**GIVEN INFORMATION**
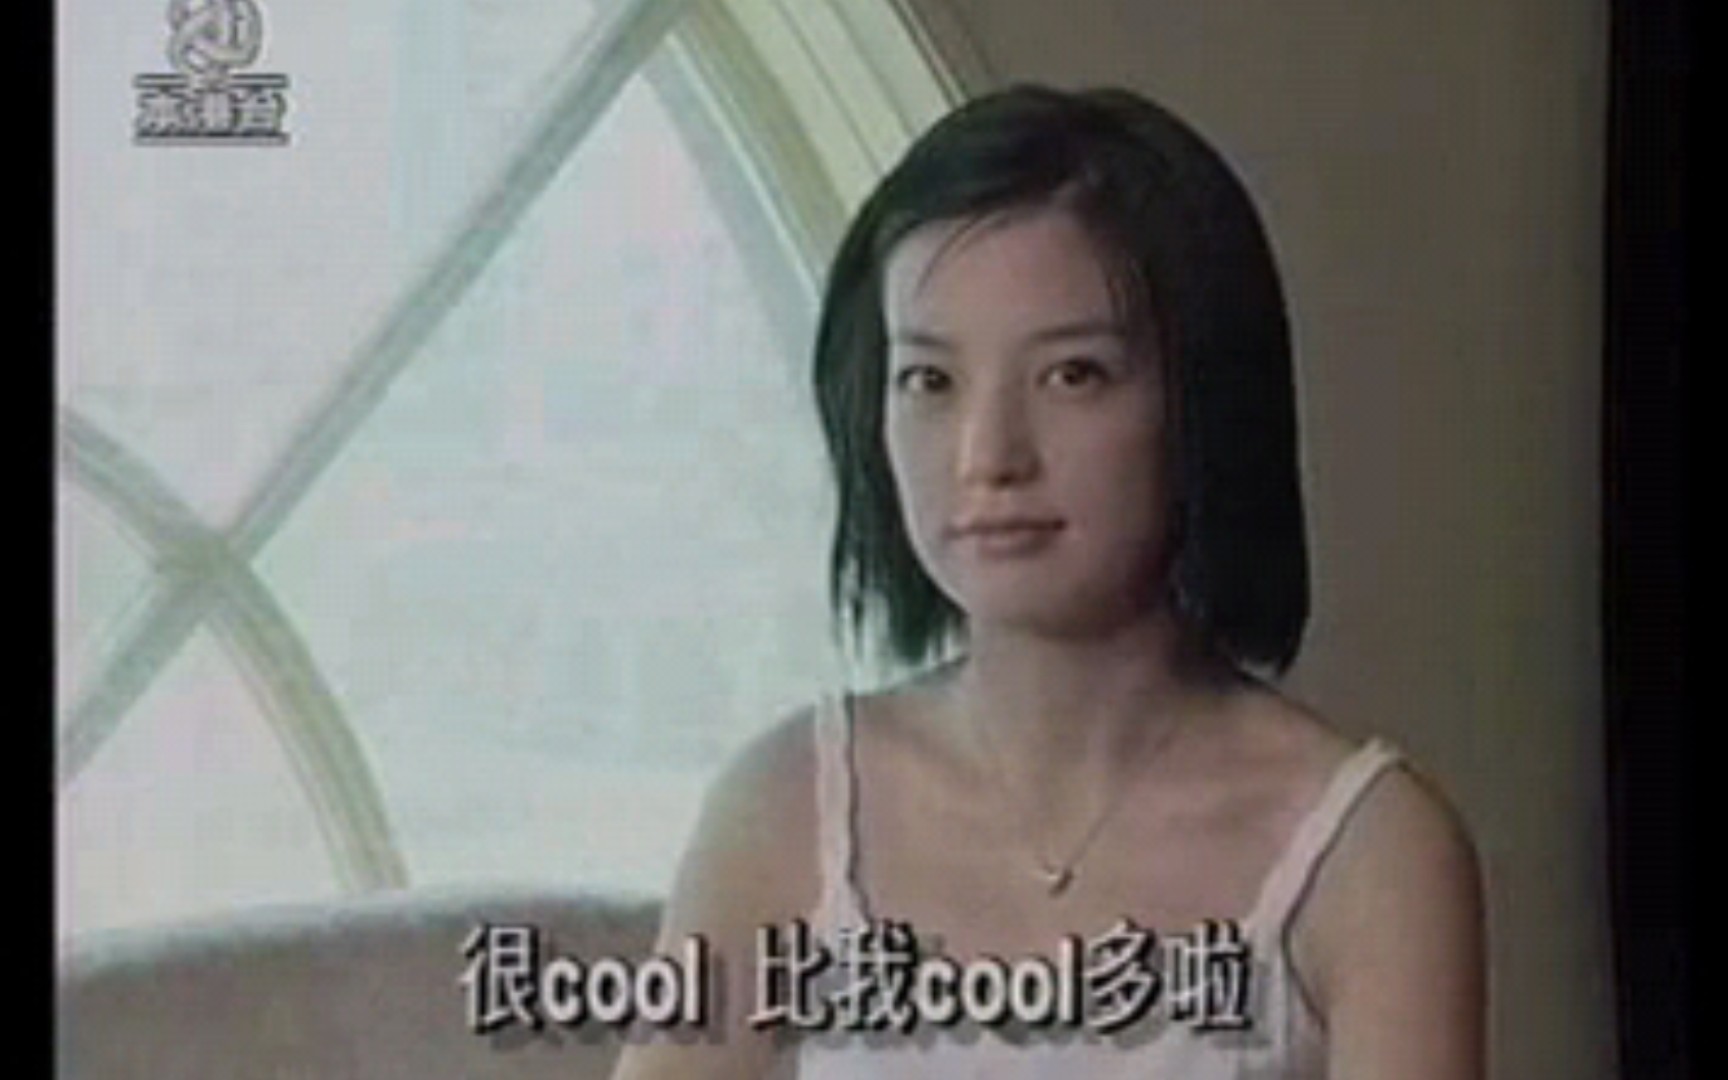 赵薇2000做客香港央视宣传电视剧《侠女闯天关》特辑:讲述拍摄电视剧
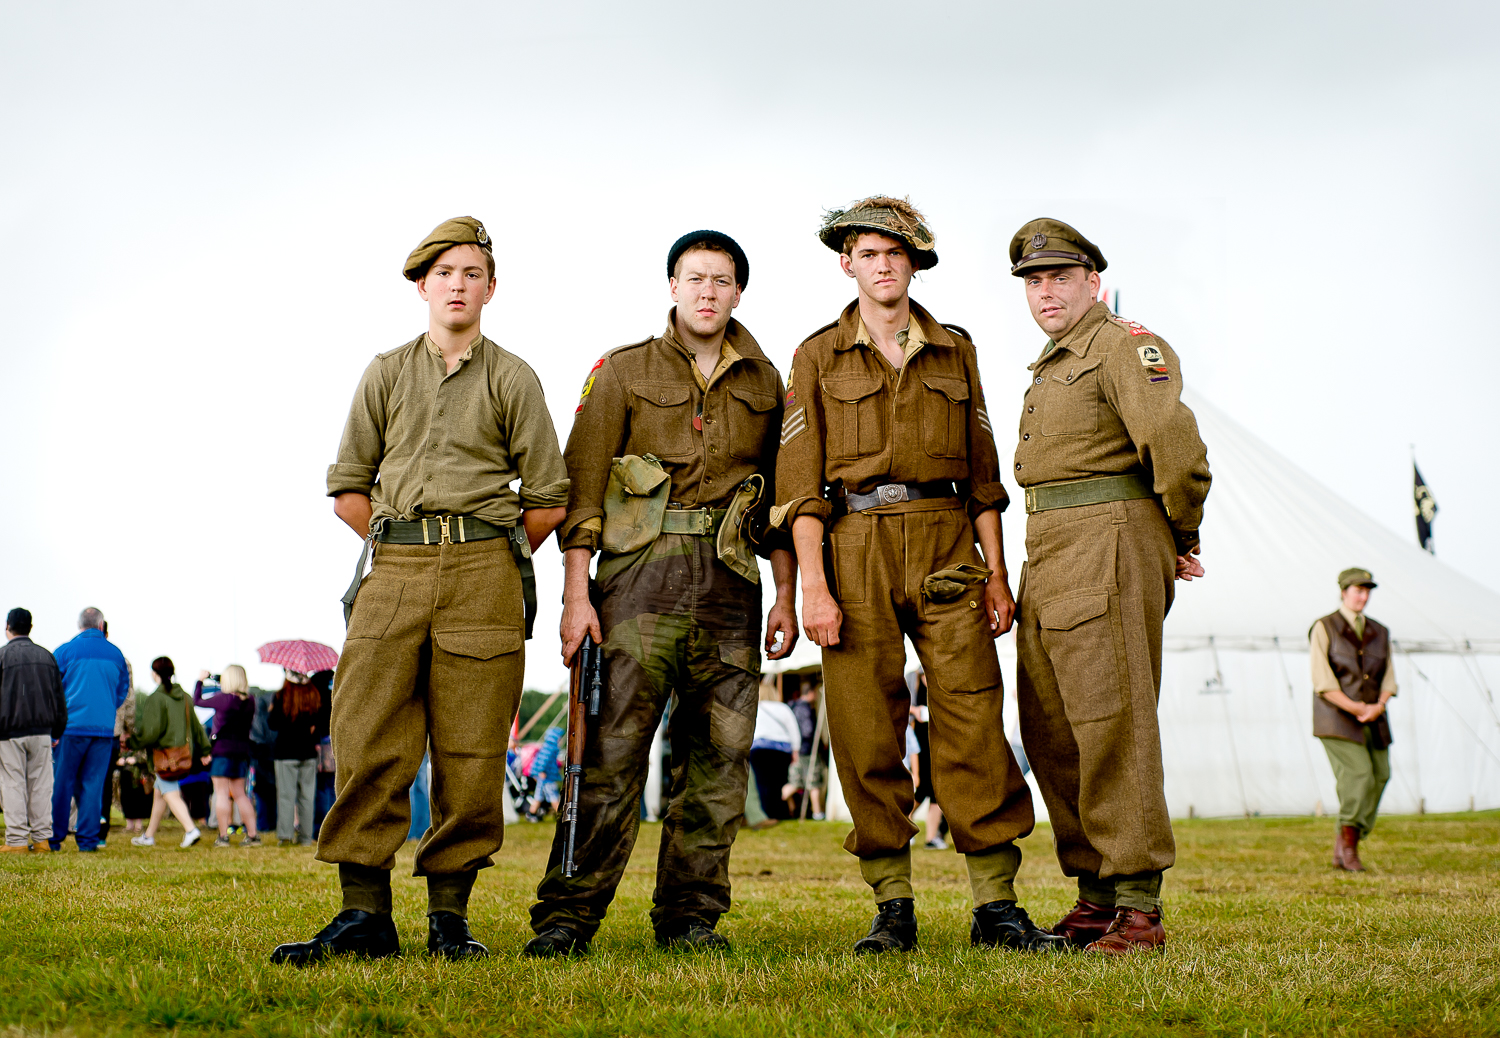  Re-enactors of British troops, event in Essex 
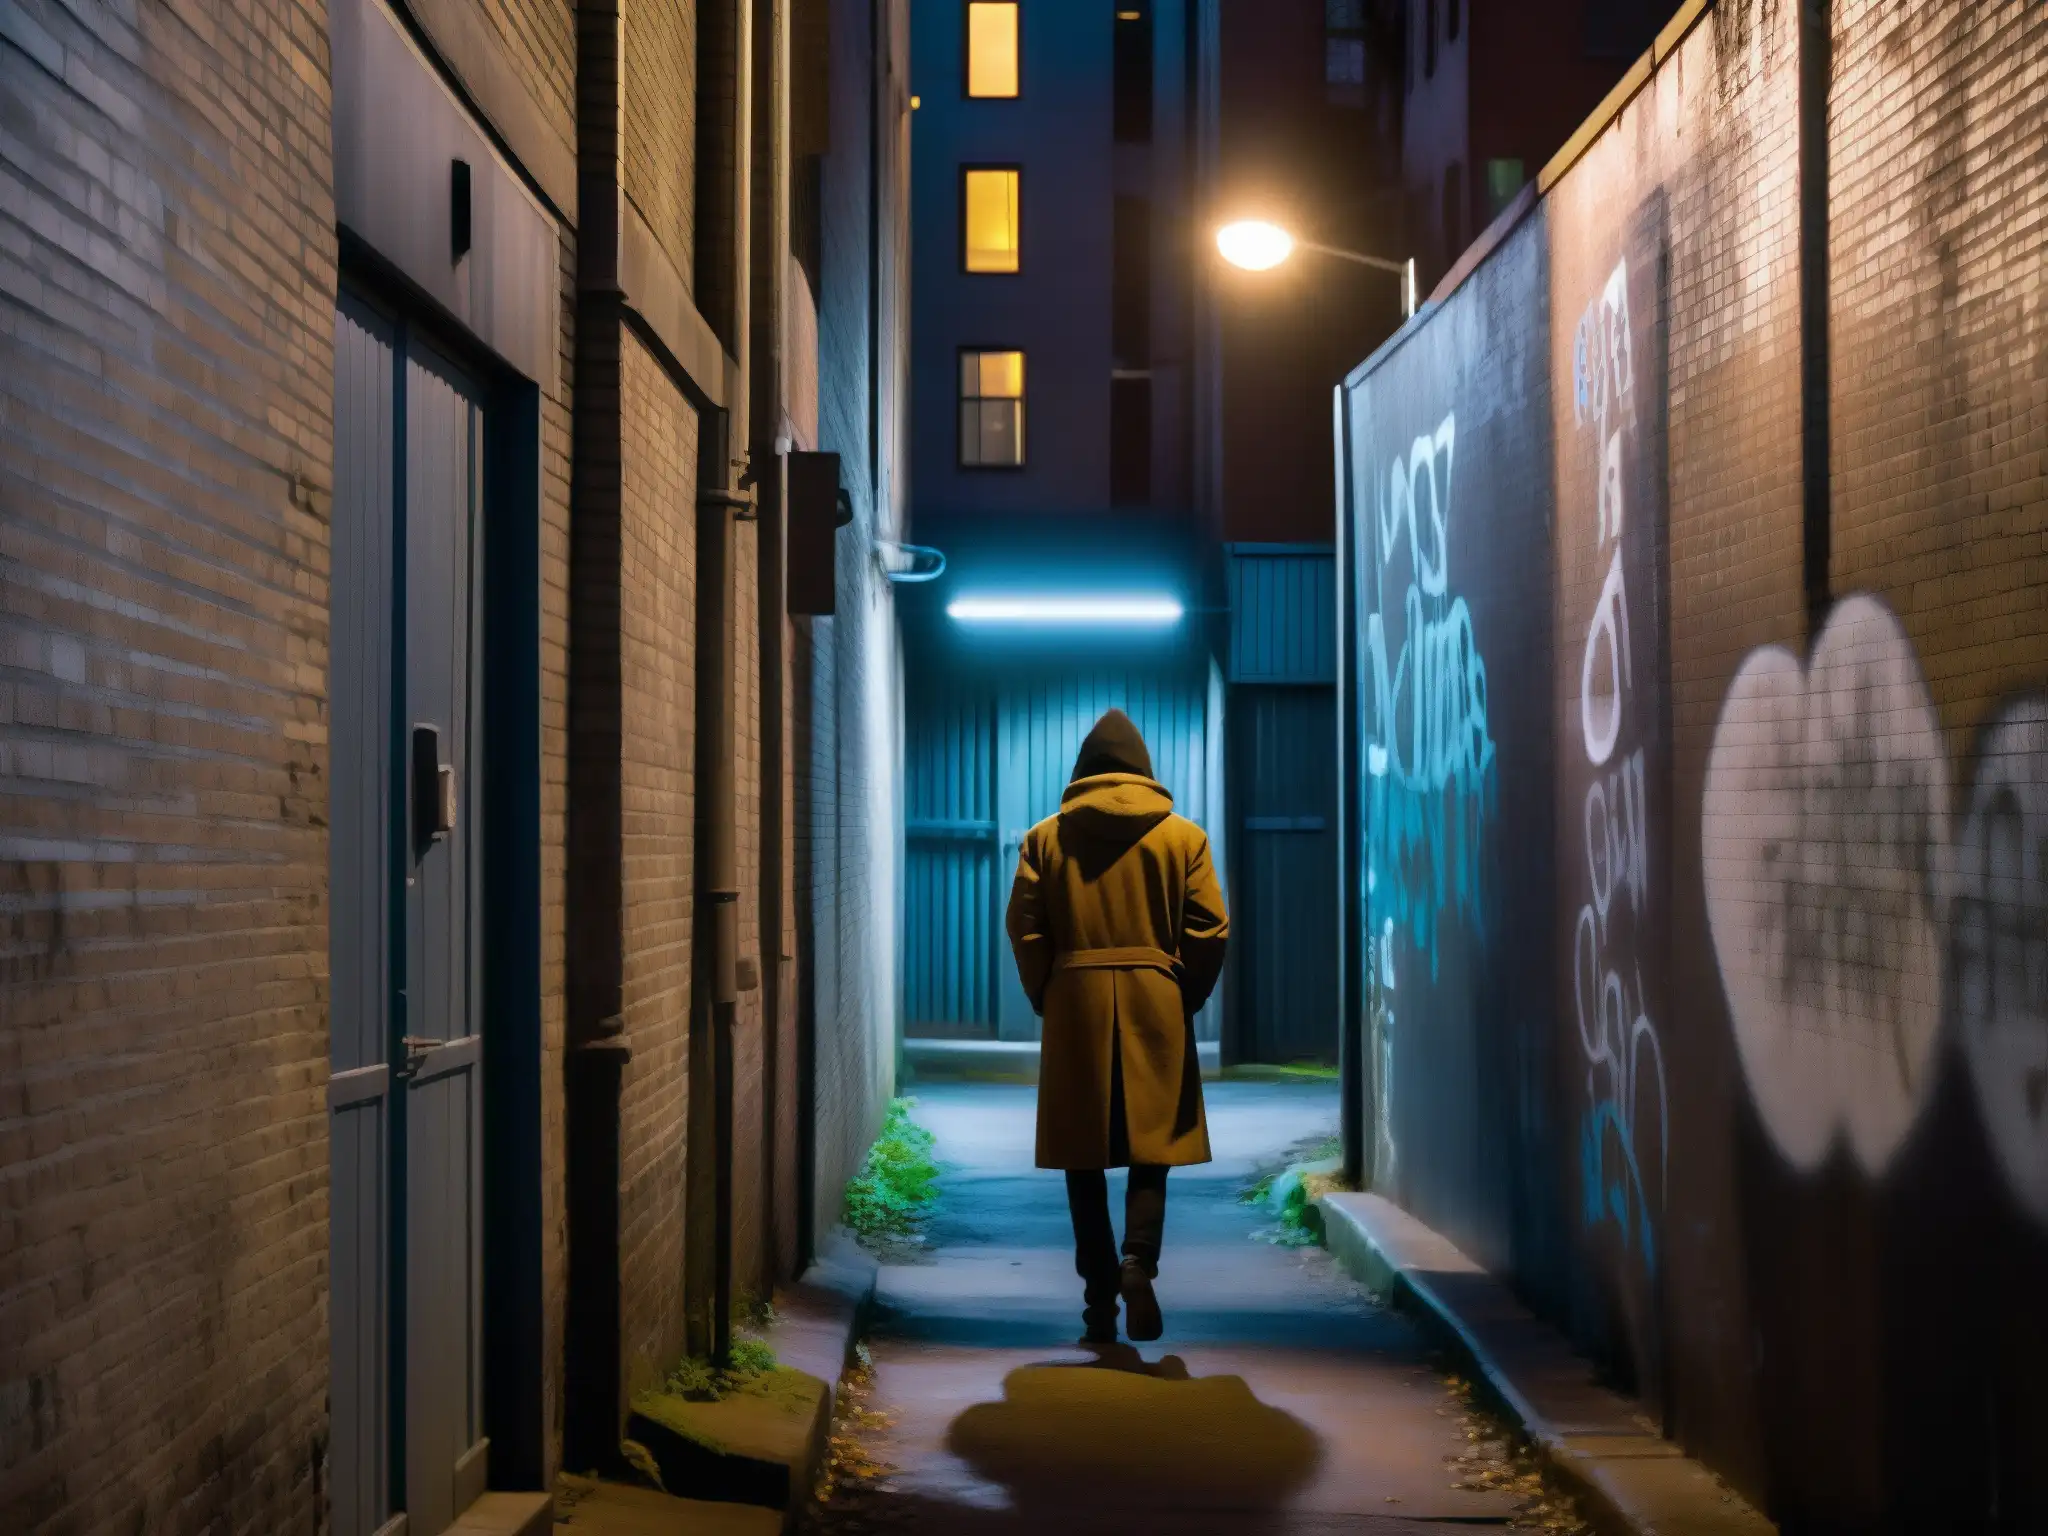 Un callejón sombrío con grafitis y luces tenues, evocando misterio y transformación de la experiencia urbana

**WORK TO COMPLETE**
Pictures are to be left out, and each line from the one that contains "Re-enactors of British" through the end of the listing is to be copied exactly.

**RESULT**
  Re-enactors of British troops, event in Essex 
 Un callejón sombrío con grafitis y luces tenues, evocando misterio y transformación de la experiencia urbana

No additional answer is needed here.